Sophie got out of her little car and paused to watch a rainbow arc across the sky high above the bay. The yellow, orange, red and lavender-blue streaks deepened and brightened, tugging at her emotions. She’d miss Irish rainbows when she was back in Boston.
She shook off her sudden melancholy. She was leaving tomorrow, and her parents and twin sister were arriving in Kenmare later that afternoon for a send-off dinner. In the meantime, getting weepy over Irish rainbows wasn’t on her ever-expanding to-do list.
She squinted out at the boats in the harbor. The Irish name for the village was Neidín, which translated as “little nest,” an apt description for its location at the base of the Cork and Kerry mountains.
“Aha,” she said aloud when she recognized Tim O’Donovan’s rugged commercial fishing boat tied to the pier. The old boat looked as if it would sink before it got halfway out of the harbor, but she knew from experience that it could handle rough seas.
She spotted Tim by a post and waved to him. He was a tall, burly, Irish fisherman with a bushy, sand-colored beard and emerald-green eyes. He glanced in her direction, and even at a distance, she heard him groan. She could hardly blame him, given his unwitting involvement in her own strange experience on the Irish coast a year ago—months before Keira Sullivan’s encounter with a serial killer.
Whispers in the dark. Blood-soaked branches. Celtic artifacts gone missing.
A woman—me, Sophie thought—left for dead in a cold, dank cave.
Suppressing a shudder, she made her way onto the concrete pier. Tim had managed to avoid her for months, but he wouldn’t today. She moved fast, determined to get to him before he could jump into his boat and be off.

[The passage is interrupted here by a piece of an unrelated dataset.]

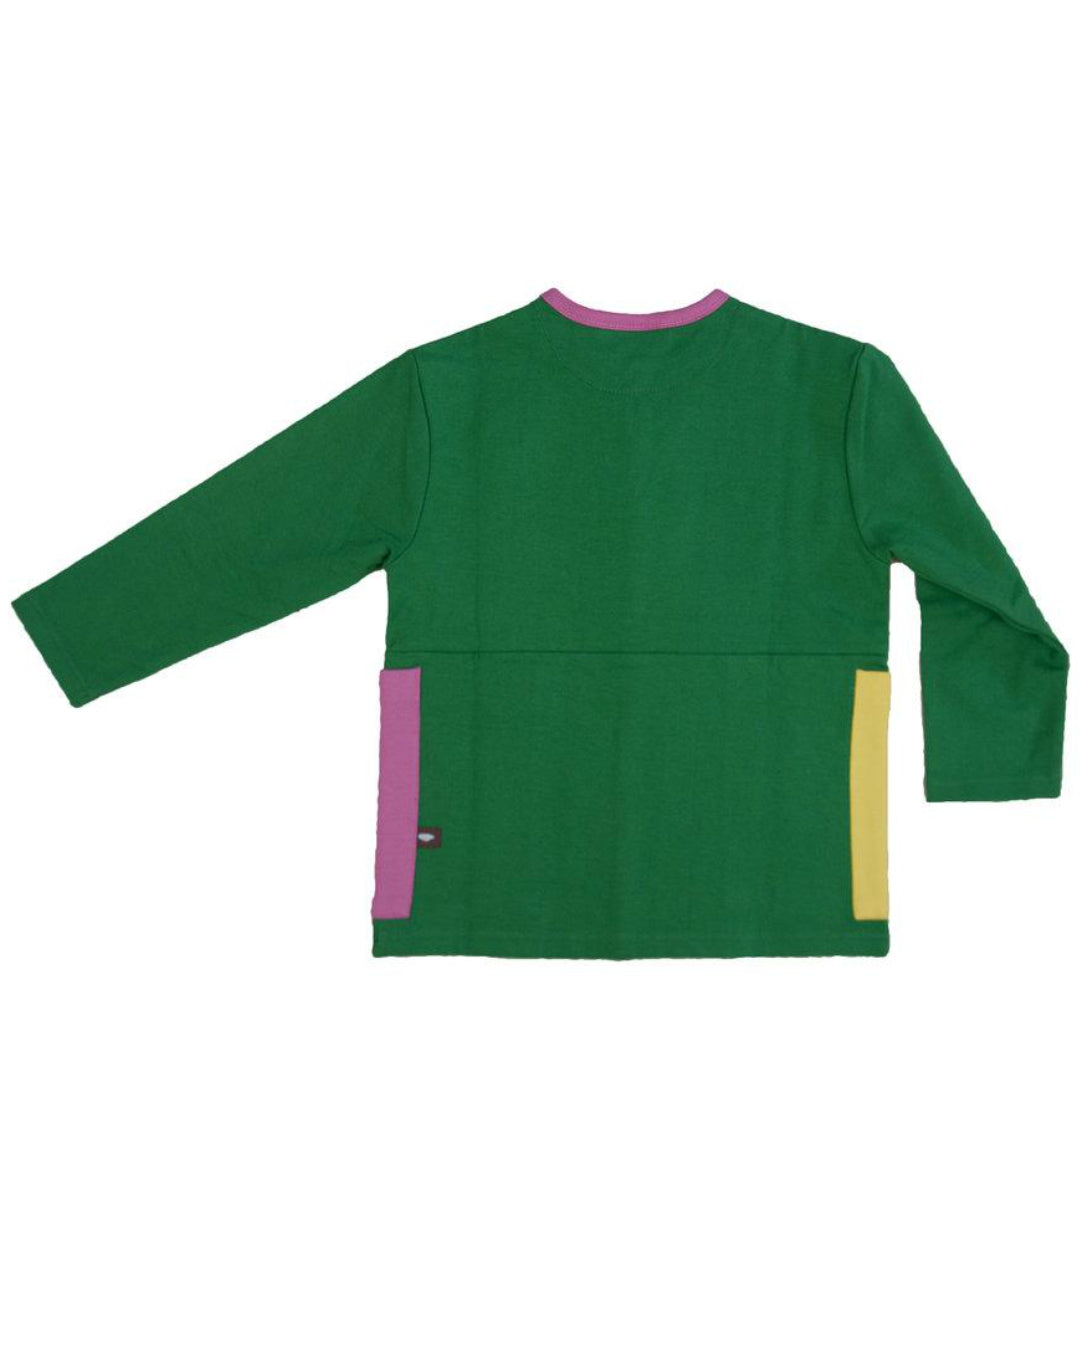 grüne Jacke Rückansicht von moromini für Kinder
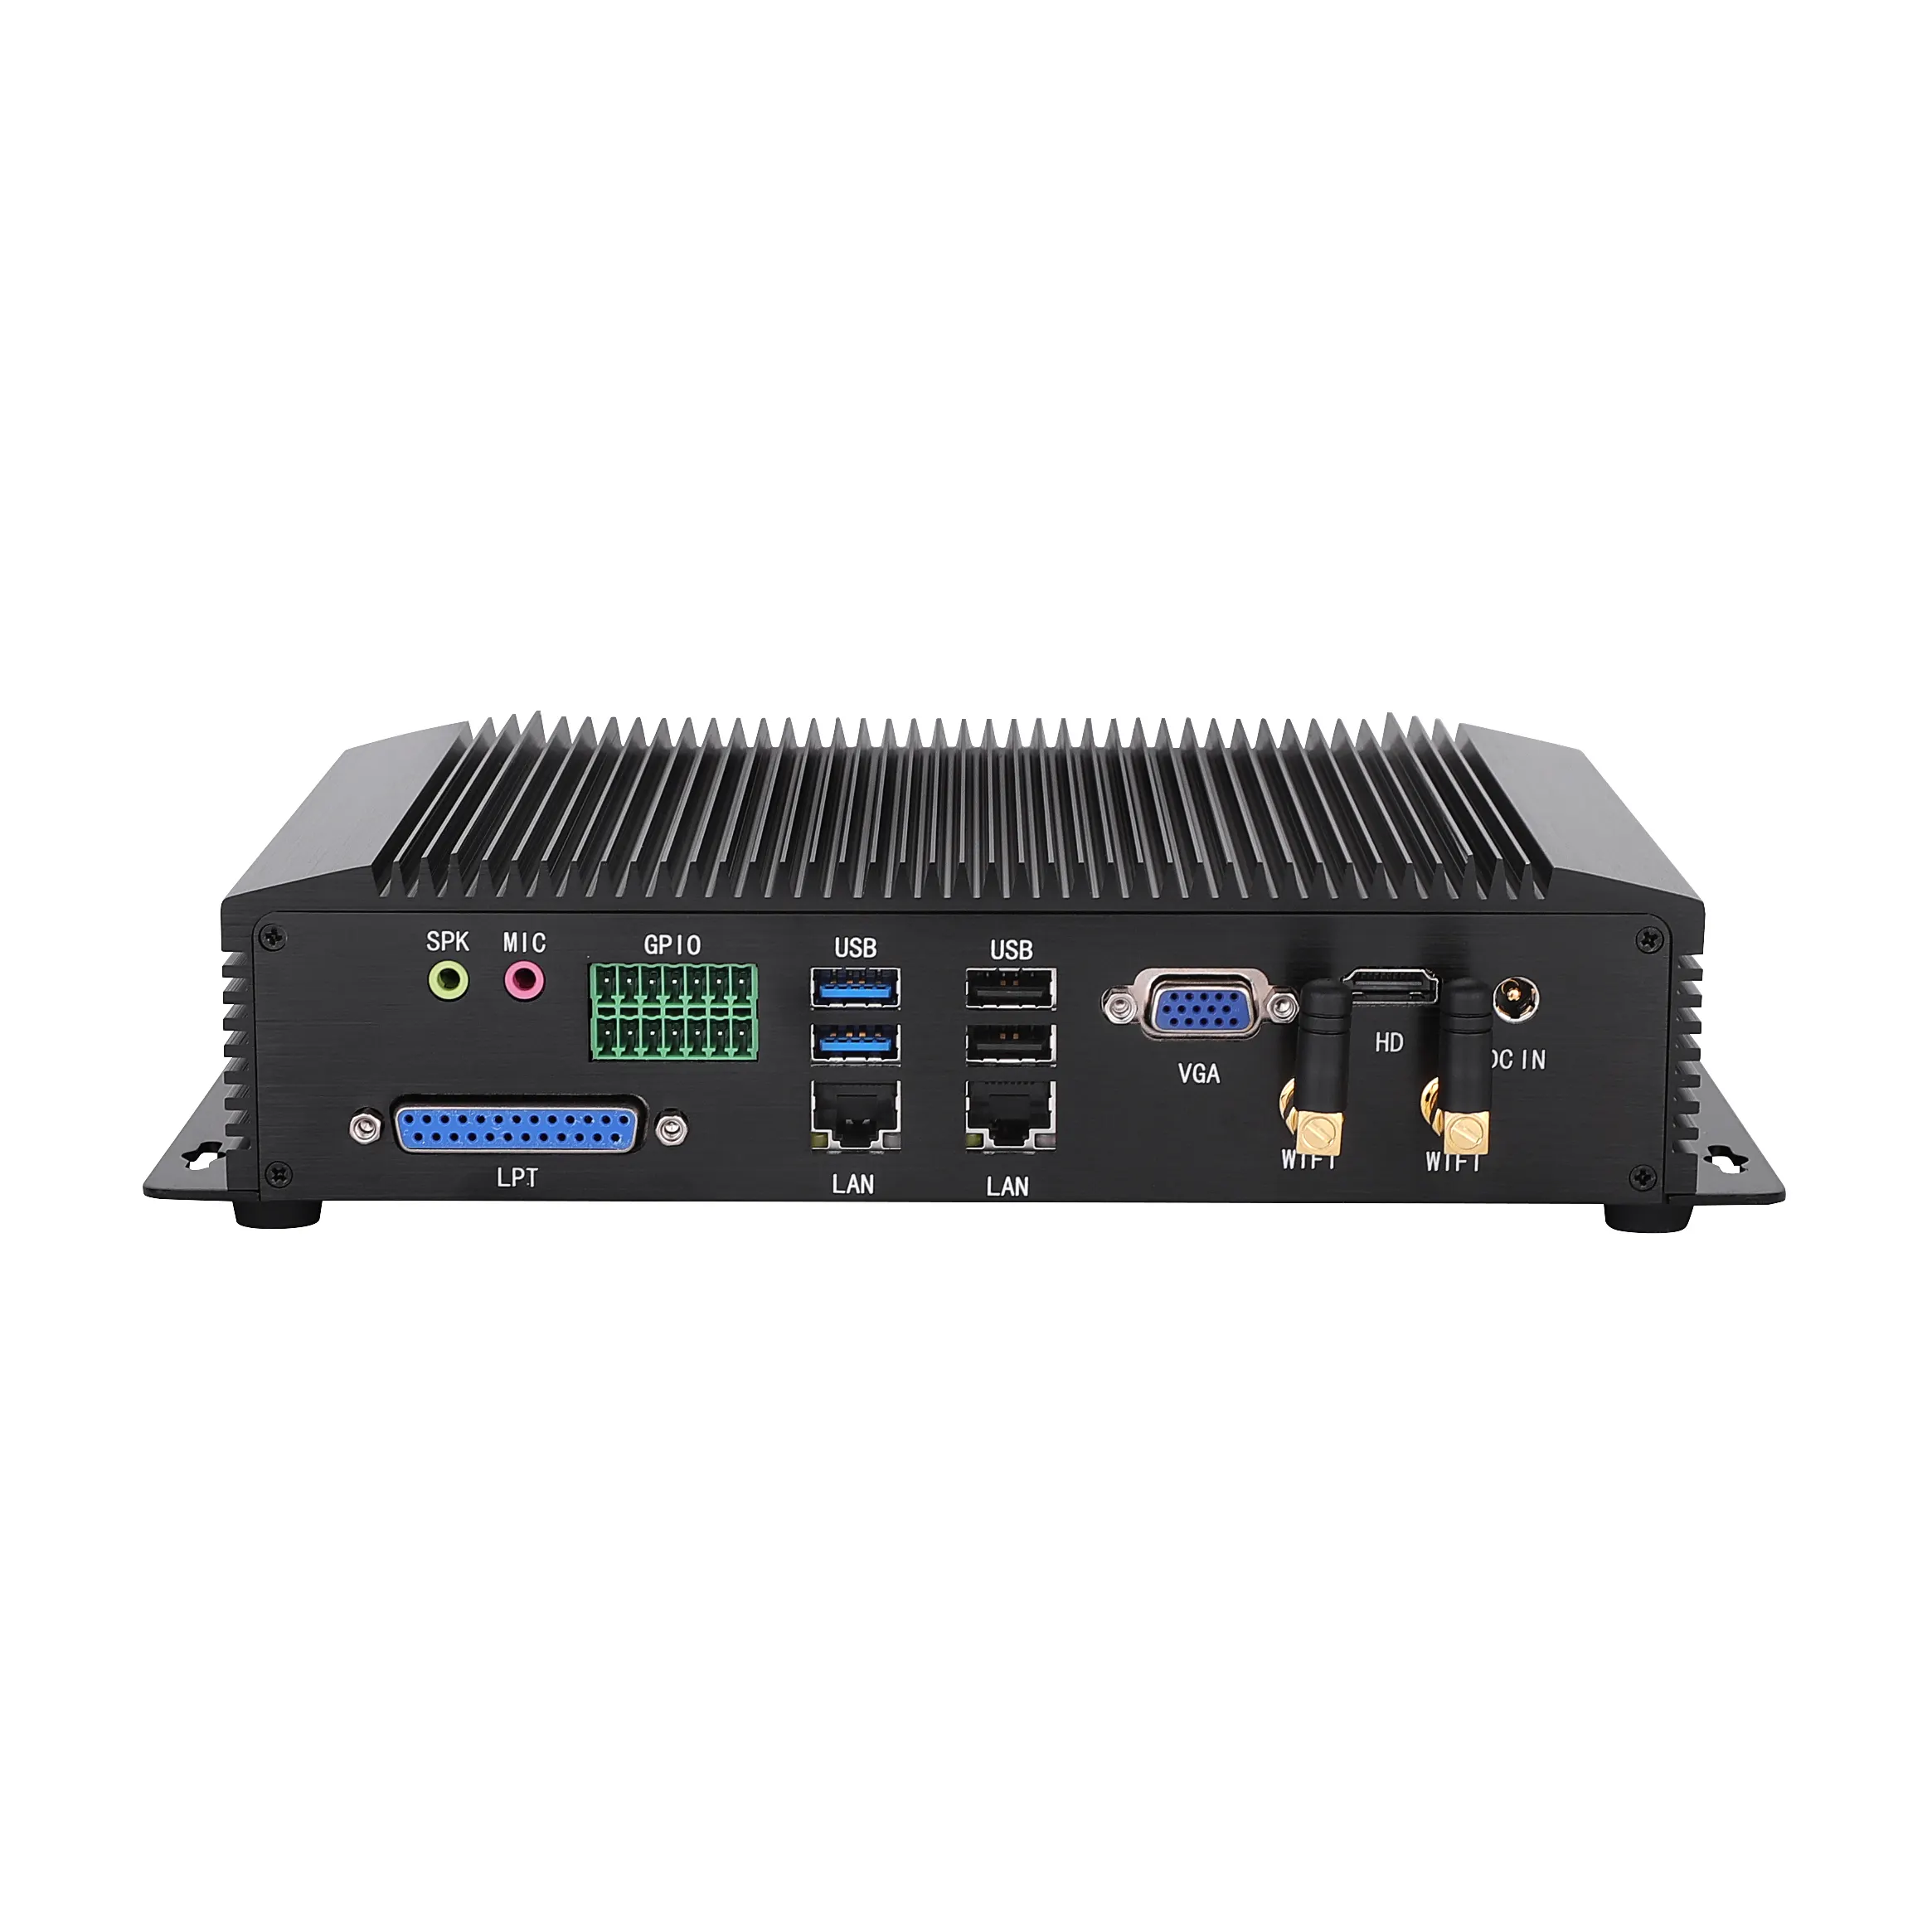 Mini Desktop Industrial PC Computer Core i3 i5 i7 Dual NIC Gigabit LAN Barebone Mini IPC 6*RS232/485 8*USB/HDM-I VGA/PS2/LPT

When she reached him, she made a stab at being conversational. “Hey, Tim, it’s good to see you.” She pointed up at the fading rainbow. “Did you notice the rainbow just now?”
“If you want me to take you to chase a pot of gold, the answer is no.”
“I’m not chasing anything.”
“You’re always chasing something.” He yanked on a thick rope with his callused hands and didn’t look at her as he spoke in his heavy Kerry accent. “How are you, Sophie?”
“Doing great.” It was close enough to the truth. “I gave up my apartment in Cork and moved into our family house in Kenmare. My parents and sister will be here later today. I’ve been here two weeks. I thought I’d run into you by now.”
“Ah-huh.”
“Have you been seeing to it I didn’t?”
“Just doing my work.”
“I’ve been back and forth to Cork and Dublin a fair amount. My father’s family is originally from Kenmare. I’ve told you that, haven’t I?”
“Along the way, yes.” His tone suggested that playing on their common Irish roots would have no effect on him.
“Taryn’s only staying for a night or two, but my folks will be here for at least a month.”
“You’re going back to Boston,” Tim said.
“Ah, so you have been keeping tabs on me.”